I figure that optimal coolant flow (speed) is more of a parabolic or bell curve, the top of which is determined by a collection of other parameters:
rad efficiency, path through engine, airflow through rad.  In my case I'm positive my rad in-and outlets were too restrictive. Once opened up I can then proceed to optimize airflow or collect enough data to show that I need to increase rad size.

Again, optimizing for indefinite full power climb on a 100 deg F day would most likely result in unwanted drag at cruise speeds (sans a cowl flap). So mission also come into play. Perhaps I err on the side of too small rads but I have spray bars in the back of my mind.

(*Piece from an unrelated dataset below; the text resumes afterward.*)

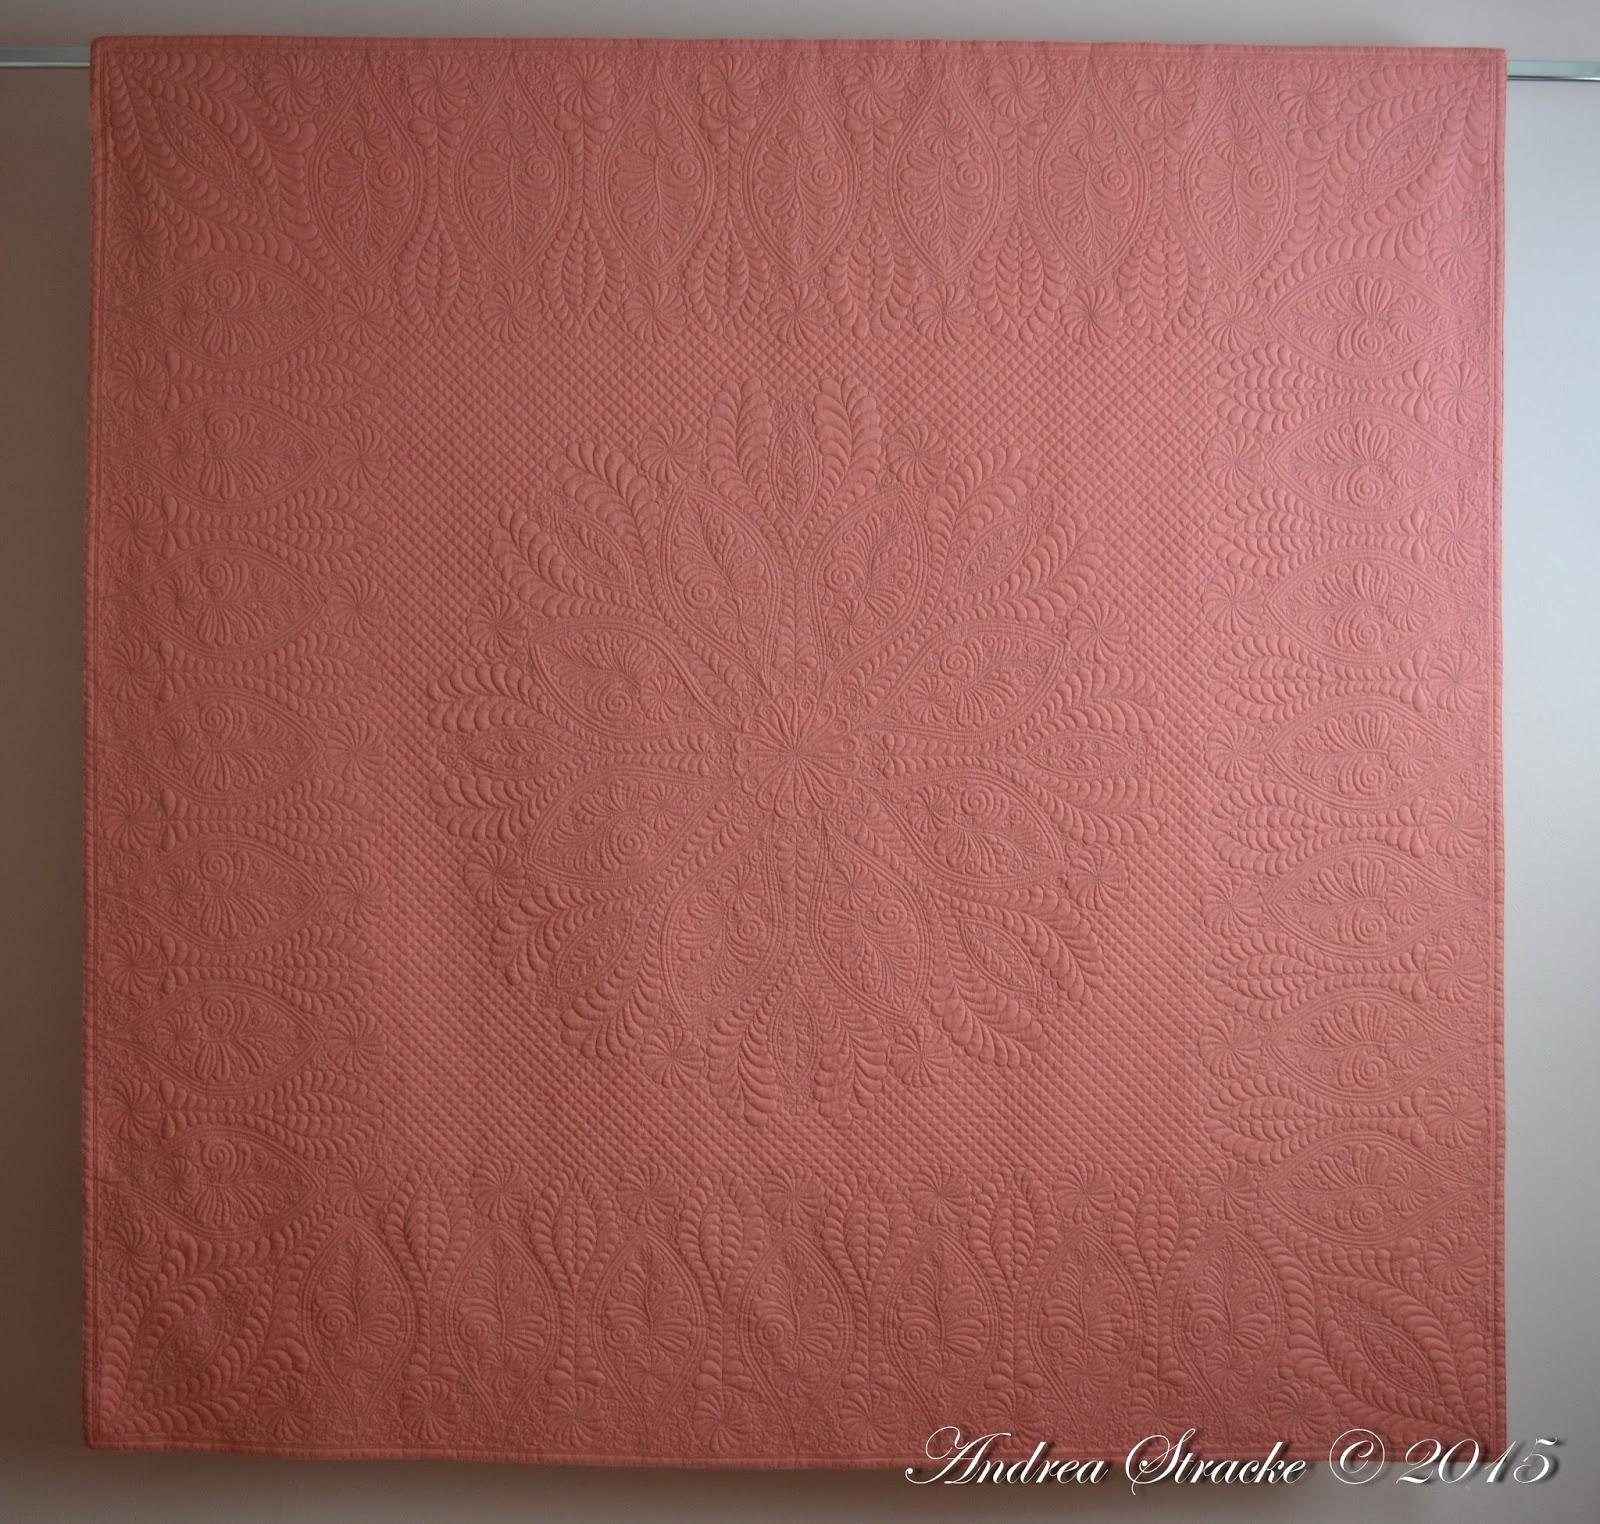 Modern Cologne Quilter: Blind date heute - Quiltkunst/Andrea
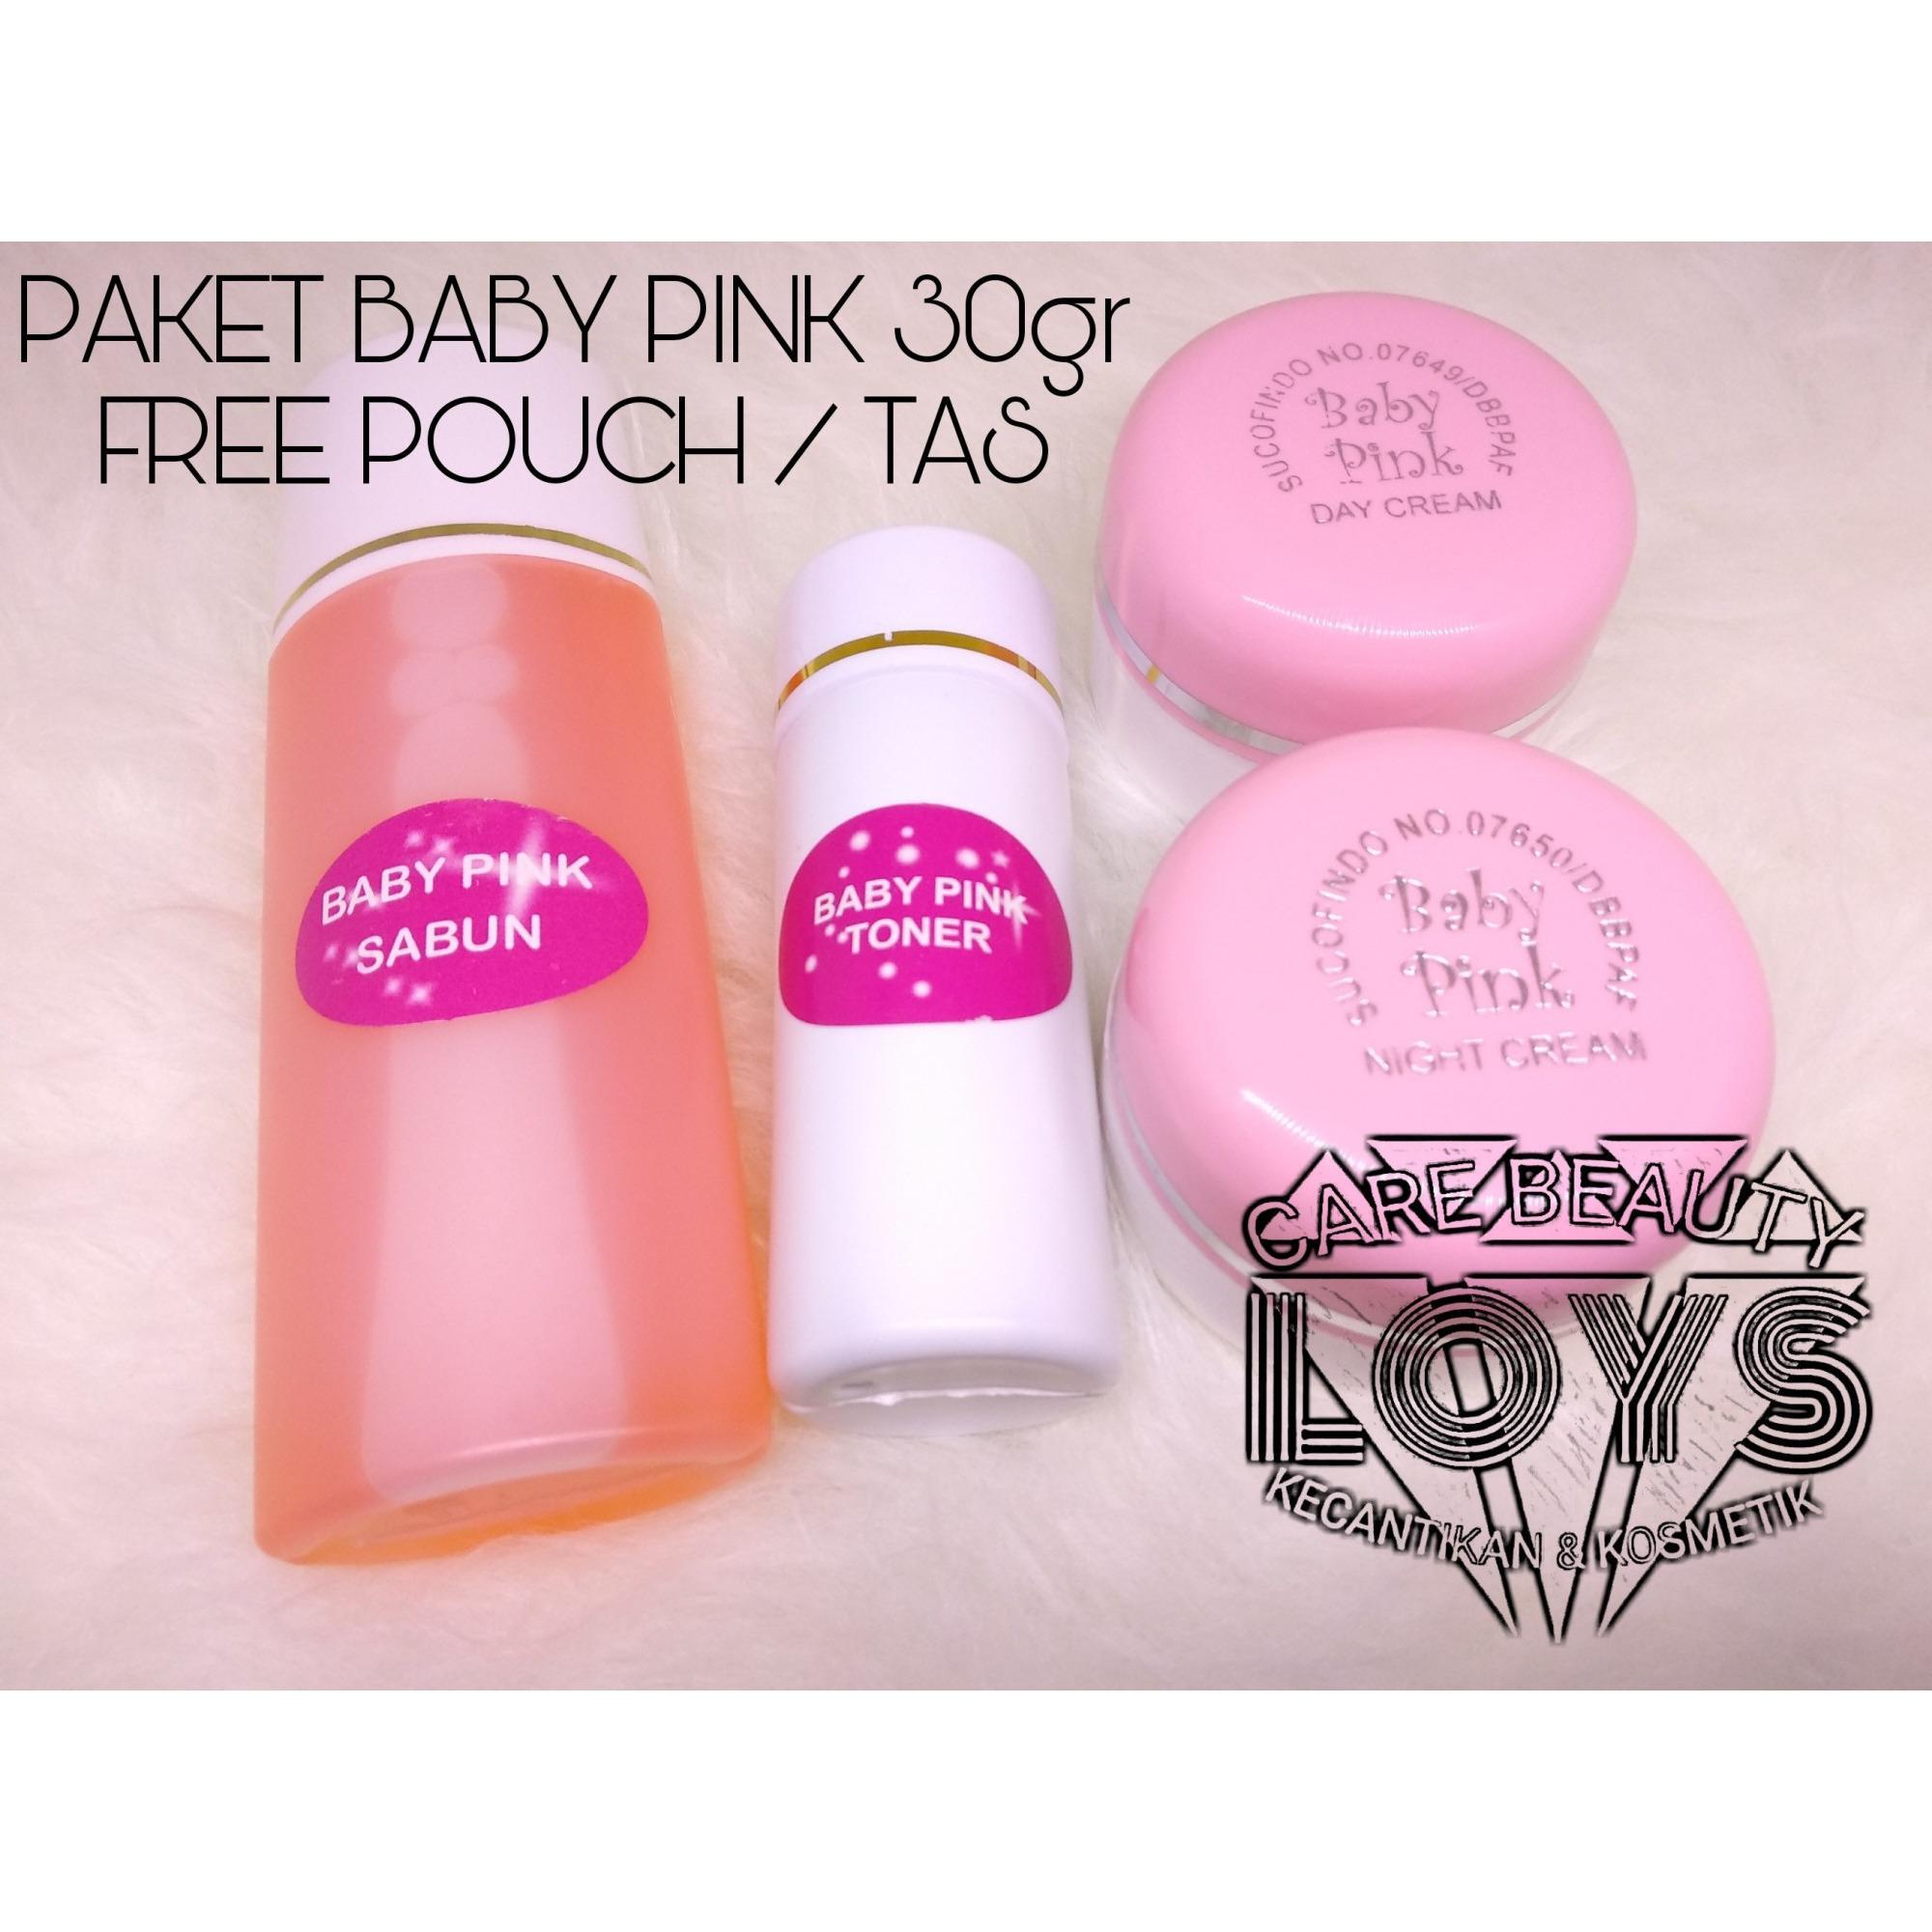 Paket BABY PINK SUCOFINDO ORIGINAL EMBOSS 30gr - Cream Baby Pink Day & Night + Sabun + Toner

This RV-4 is slated towards being a cross-country cruise plane.

Finn

On 3/1/2021 10:40 AM, eanderson@carolina.rr.com wrote:

Cooling is a fascinating and complex challenge not helped by urban legens and myths.

I recall many years ago of having a discussion with old man Lou Ross (maker of the first Rotary PSRU widely used) about coolant temperature.

His view was (as shown by his and others' experiments) that the slower coolant flowed through the radiator then greater the delta T of the coolant - therefore more heat was removed from slower flowing coolant.    While I agreed with that data point, I tried to point out the objective was to get heat removed from the engine and that greater coolant flow (up to a point) would result in more heat removal even though the delta T of the coolant through the radiator would decrease.  We "discussed" this matter for some time.  I finally made the comment that if slow coolant flow cooled better, then theoretically stopped coolant flow should cool best.  Lou paused - then hung up on me and we never talked again.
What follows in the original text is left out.